3/24/14

Be who you want to be.

I am deciding in this moment, that life is too short to be someone you don't want to be. People have expectations of you, whether you like it or not. Some blatant, some subtle. Some people just follow the crowd because it's what they feel is proper and right and meant to happen. Some people accept these expectations as reality. Culture and society has expectations for you also. Telling you who you ought to be, how you should think, feel and act.

How freeing is it to realise you don't HAVE to be a certain way. That you can just be yourself. The way god perfectly made you to be.

Of course, there are always those wierdos who read something and jump to the worst conclusions. Okay so you don't HAVE to conform... therefore I'm not going to be polite like Canadian culture, or loving like the bible says, or I'm not going to work like everyone else but rather bum off my friends my whole life... Okay people. Don't quit working. Work isn't a bad thing. But maybe you need to quit your job and find a new one, a better fit. Don't stop being polite. But maybe you need to start standing up for yourself more often, not letting people walk all over you. Obviously, don't take this as a licence to break the law and go insane.

I'm talking about going barefoot because shoes are too restricting.
Eating McDonalds because you want to.
Telling your friends you love them even if it's awkward.
Acting 21 because that's my age.
Not going on Facebook, just because everyone and their mom is on it... even if it is more convenient.
Playing the tambourine in the church band, because hey... it's a sweet instrument.
Making peace with your body and all the parts you used to hate.
Being transparent with your beliefs, speaking your mind, and sharing ideas.
Never apologizing for tears or emotions, let yourself feel.
Be hyper. Be outgoing. Be quiet. Be alone if you want to be alone.

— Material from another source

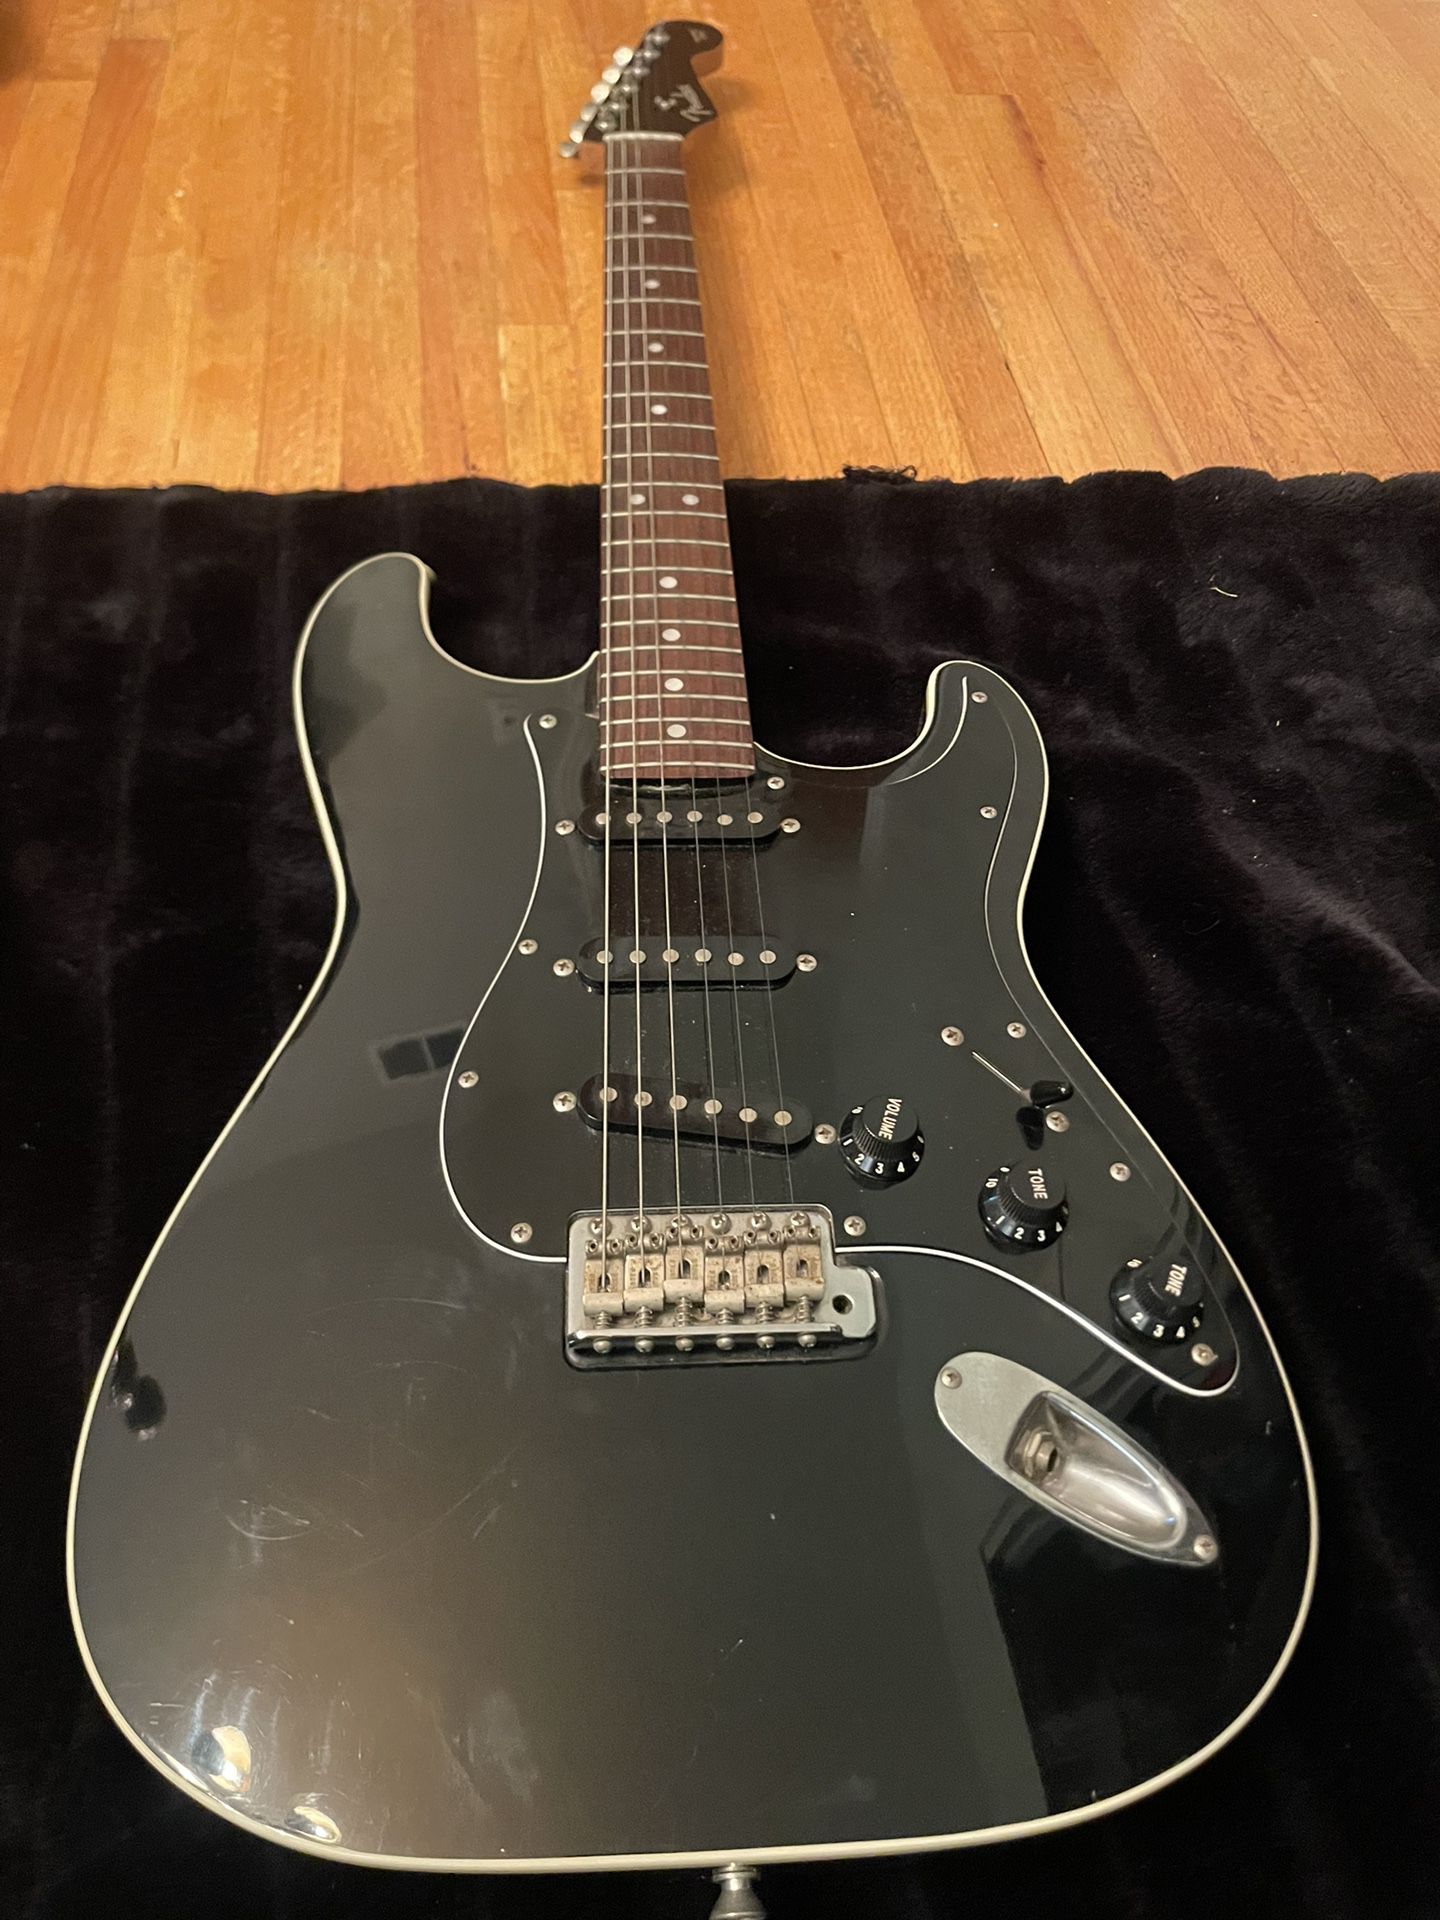 Rare Japanese Fender AST Stratocaster
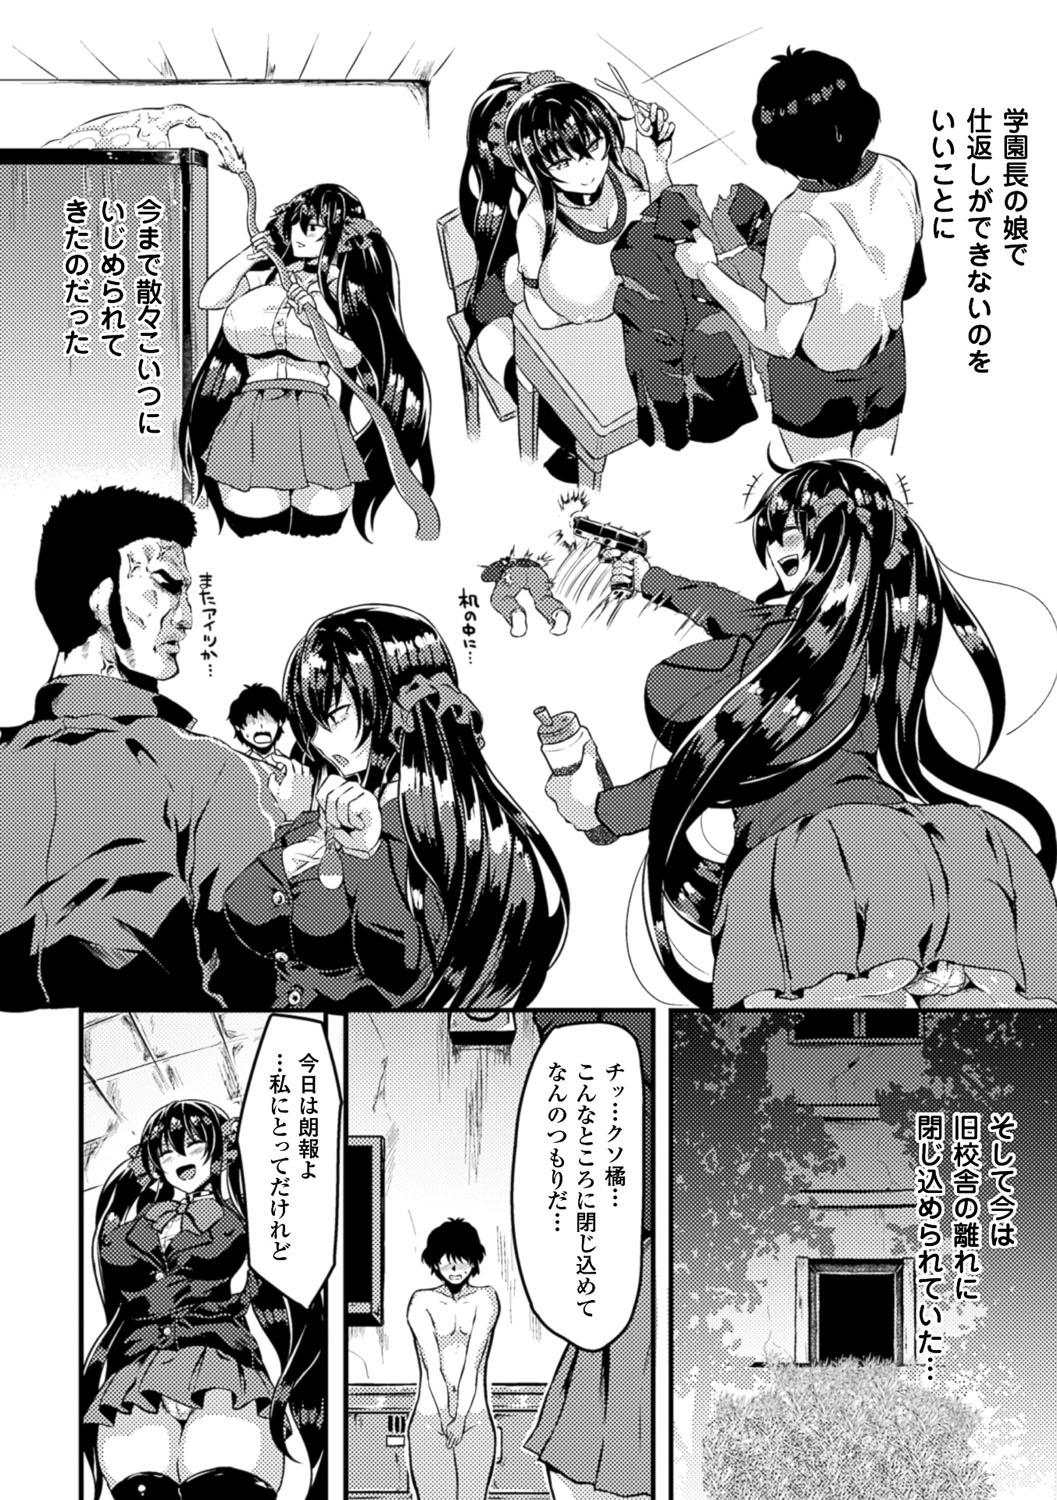 Bessatsu Comic Unreal Ijimekko ni Fushigi na Chikara de Fukushuu Hen Digital Ban Vol. 2 7

Whatever it is. Just be free. Be you. You were not an accident. You were made the way you are for a purpose.

Personally...

For the past few years this blog has been a place I have talked about my struggles, and my discoveries of grace. But at last, I feel like I have been too impersonal. Maybe I have bore my heart, or maybe I have held back too many mysteries about who I am, my life and circumstances. I was about to start a brand new blog for personal use and exploration. But this page will do just fine, as well as any other. I had debated giving up on this electronic writing, as I am a strong believer in paper, but paper is personal. Kept on a cluttered shelf in my room, to be read by me, and me alone... maybe my daughter one day. But really, it's a hidden hobby. There's some excitement to be had, knowing that someone out there might stumble across your electronic memoir, a tinge of purpose. Of course, some details are meant for paper... meant for privacy. Those thoughts and happenings will stay on my shelf. But for the rest... here it is, personally.